"Standard cloud DLP is fundamentally broken in the Generative AI era. Relying on API-based redaction means you are actively transmitting raw data to a third party before it is sanitized—a direct violation of Zero-Trust principles. PrivacyScrubber introduces mathematically verifiable, 100% client-side sanitization. Operating entirely in the browser's RAM, our engine isolates and masks sensitive PII and internal IP architectures before a single byte leaves the endpoint. This provides CISOs with definitive, offline proof that sensitive data never reached the LLM, neutralizing the threat of Shadow AI while instantly enabling SOC 2 and ISO 27001 compliance."
Strategy Insight for Zero-Trust Leadership
Scaling AI adoption within Zero-Trust environments requires a fundamental shift in data governance. Our enterprise AI solutions ensure that while teams leverage high-velocity LLMs, the underlying security data remains fully sovereign. This solution integrates directly with your Zero-Trust industry guides to provide a seamless privacy layer.
The core challenge for Zero-Trust leaders is balancing utility with liability. Standard Cloud DLP filters often strip too much context or require trust in third-party servers. PrivacyScrubber's zero-trust model for LLM DLP for enterprise preserves the semantic structure of your prompts locally, ensuring that AI reasoning remains accurate while personally identifiable information (PII) is deterministically masked.
Zero-Trust Critical Compliance Vulnerabilities
Cloud-based DLP APIs inherently violate Zero-Trust by requiring you to transmit unredacted data to their remote servers first.
When SOC analysts paste incident response logs into LLMs for correlation, they expose internal network topology, AWS IP ranges, and targeted vulnerability details.

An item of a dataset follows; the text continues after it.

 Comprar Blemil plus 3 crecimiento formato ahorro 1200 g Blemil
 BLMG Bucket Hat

Unredacted SOC 2 audit responses fed into public AI models often reveal critical infrastructure vulnerabilities to external networks.
PrivacyScrubber replaces centralized cloud filtering with a mathematically sound, 100% local execution model, generating cryptographic Audit Receipts for verified compliance.

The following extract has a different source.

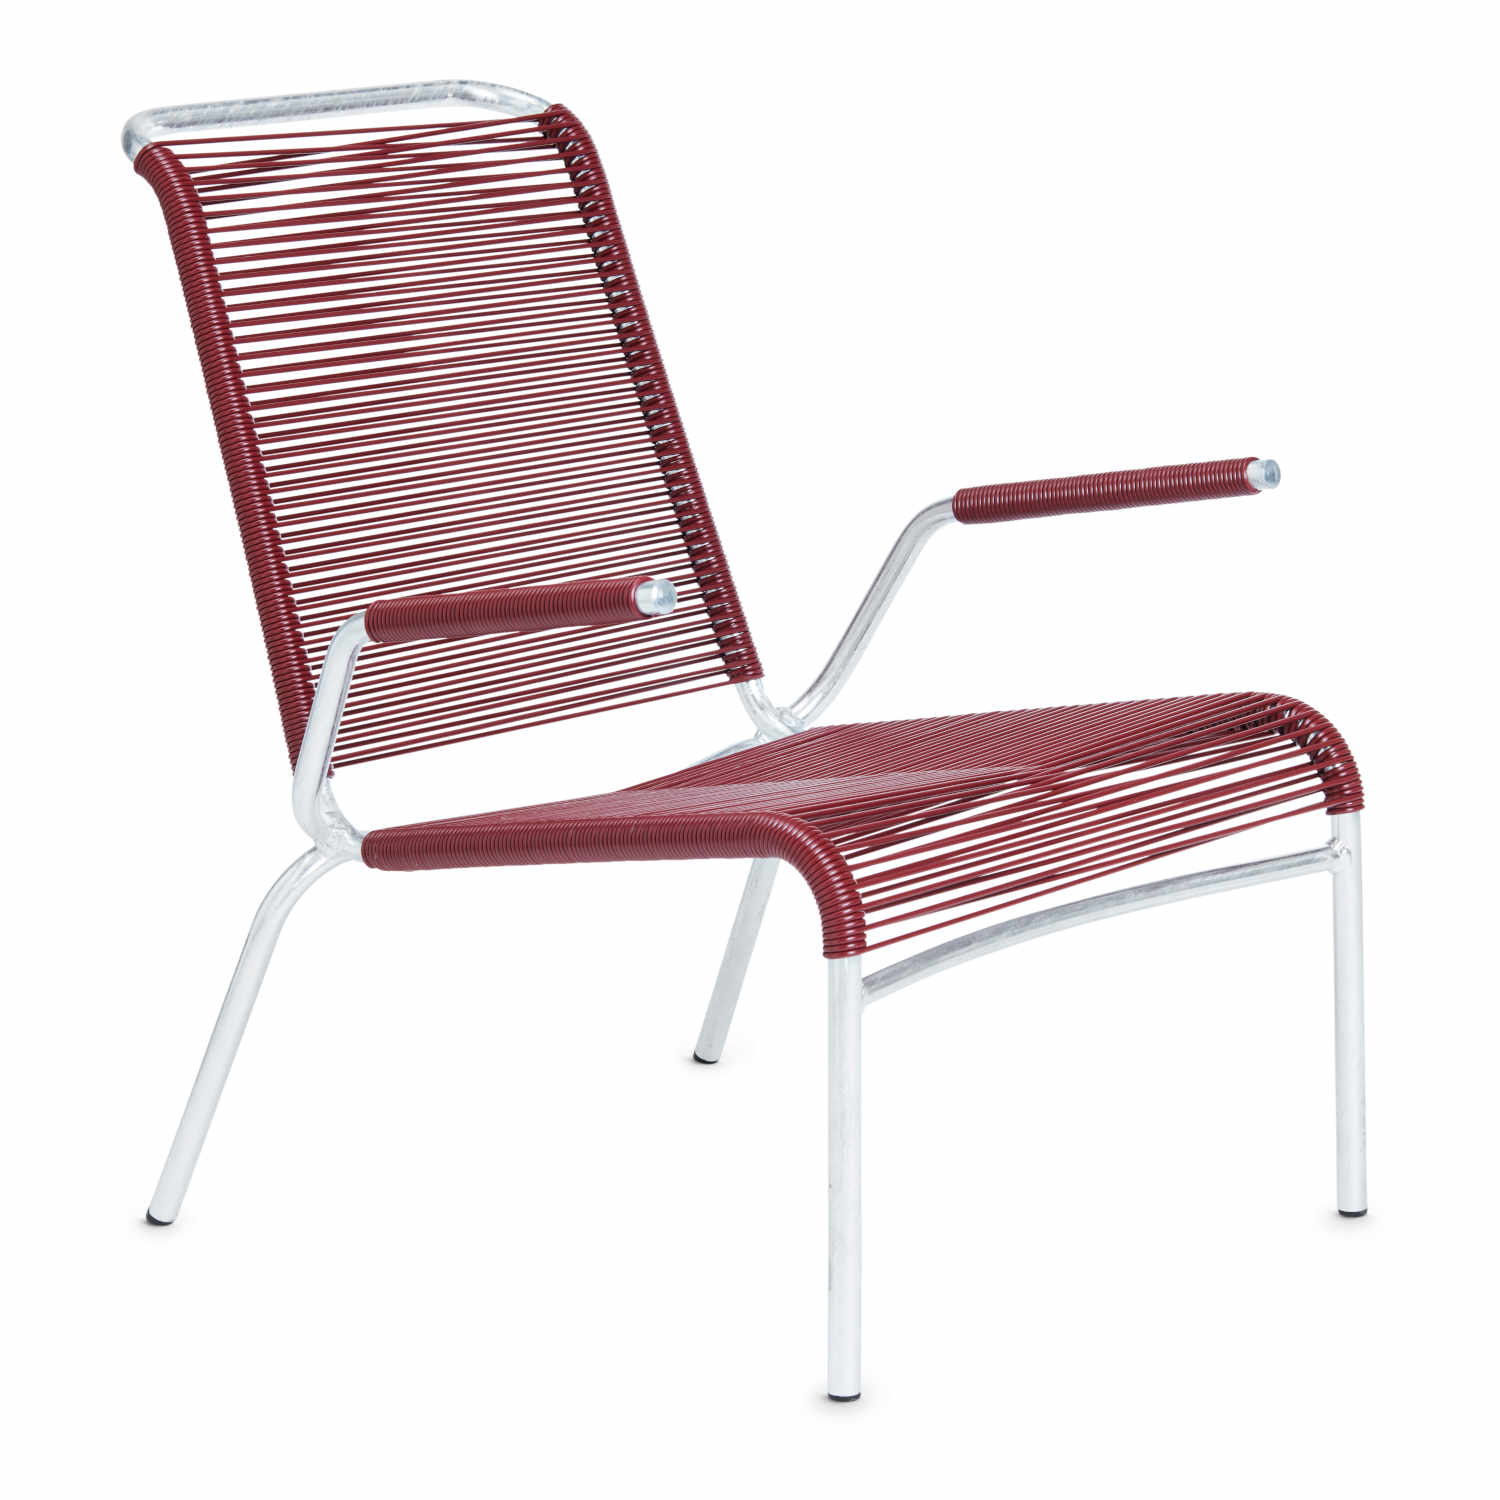 Altorfer Modell 1142 Lounge Sessel, Farbe weinrot von Embru

Security Vector Analysis & Risk Scenarios
Identifying the primary data exfiltration paths for Security workflows using generative AI models.
Security Input Neutralization
"Cybersecurity and InfoSec teams leverage AI for rapid incident response log analysis and pentest reporting. PrivacyScrubber's zero-trust engine identifies network topology markers, internal AWS IPs, and vulnerability signatures offline, preventing the accidental indexation of your corporate attack surface by public LLM providers. Every tokenization event is verified via Cryptographic Audit Receipts, proving 'Zero Data Sent'."

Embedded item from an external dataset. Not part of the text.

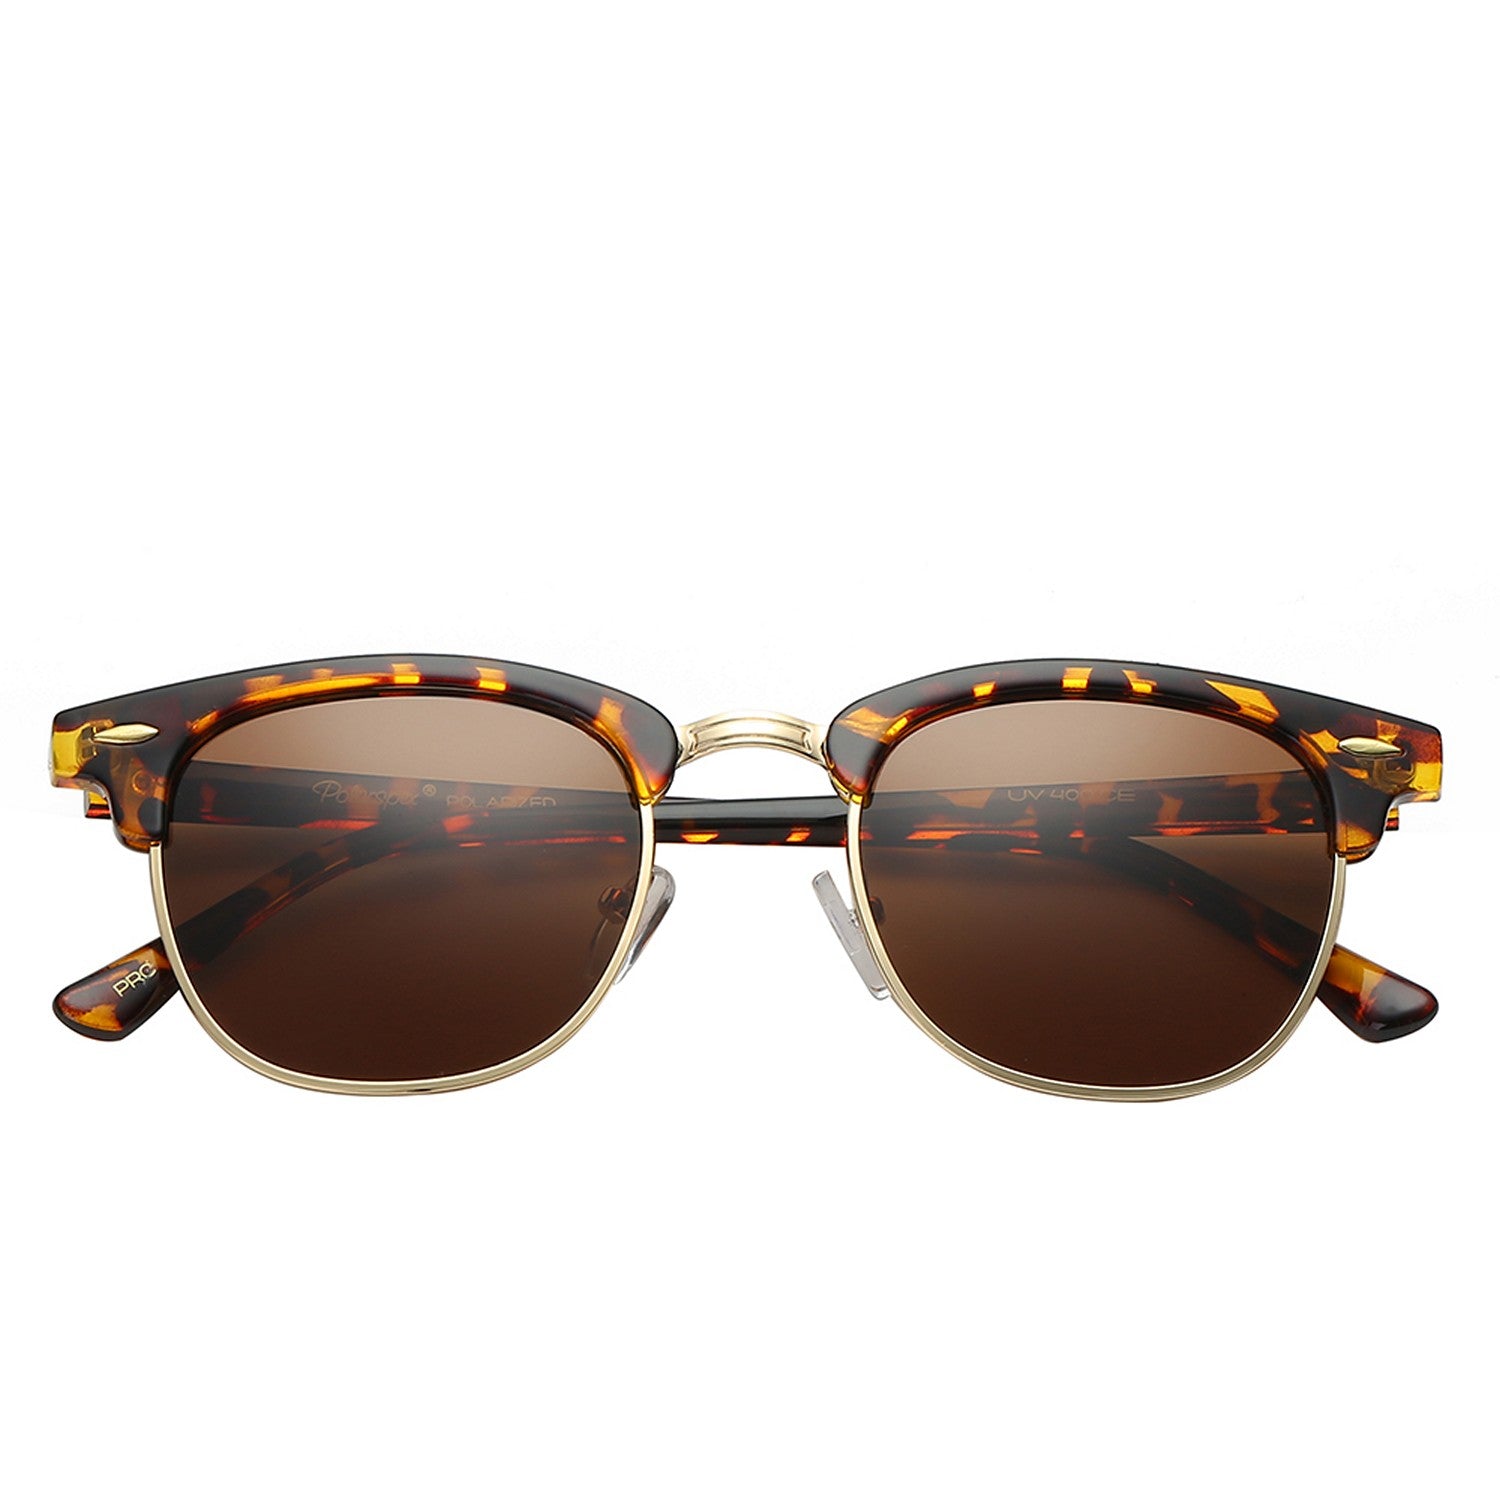 Polarspex Polarized Malcom Half Frame Semi-Rimless Style Unisex Sunglasses with Tortoise Brown Frames and Brown Lenses

Instantly mask Security identifiers in text, PDF, and DOCX files locally before transmission to any AI provider.
Hardware-level verification ensures no data packets leave your browser RAM session during the redaction process.
Audit Roadmap: Legacy Cloud-DLP vs. ZTDS
| Strategic Metric | Legacy Cloud-DLP | ZTDS (PrivacyScrubber) |
|---|---|---|
| Data Perimeter | Transmitted to Cloud API | 100% Local (Client-Side) |
| Processing Latency | 500ms - 2500ms (Network) | < 15ms (Native JS) |
| Security Posture | Trust-Based (SLA/BAA) | Math-Based (Zero-Server) |
| Compliance Status | Subject to Cloud Audit | Audit-Exempt (Local-Only) |
The Airplane Mode Standard
Disconnect your network, enable Airplane Mode, and watch PrivacyScrubber maintain 100% operational integrity. This is not just a feature—it is a mathematically verifiable proof that your Zero-Trust records never leave your control.
Solving Zero-Trust Challenges with Enterprise Governance
Scale Zero-Trust Data Sanitization across your entire organization with centralized enforcement and native browser integration.
CISO / Compliance
In the Zero-Trust sector, enforcing Zero-Trust is paramount. With the PrivacyScrubber Chrome Extension, administrators seamlessly deploy data masking via MDM to all endpoints. Preventing local model leakage ensures that when employees use GenAI, sensitive security records are never exfiltrated to external LLM servers, instantly satisfying compliance and governance audits.
Operations Lead
Zero-Trust organizations require agile collaboration without compromising privacy. The Enterprise Governance model features encrypted Session Sharing, allowing CISOs and managers to securely distribute custom Regex dictionaries across the department. This enforces uniform data redaction standards across all GenAI workflows, eliminating human error while maintaining high velocity in team-based AI adoption.
Edge Analyst
Daily security operations rely on continuous efficiency. The native extension automates PII scrubbing directly at the browser input field, ensuring analysts never waste time manually censoring data. This seamless integration provides zero friction and zero server latency, empowering end-users to confidently leverage ChatGPT and Claude for immediate Zero-Trust insights.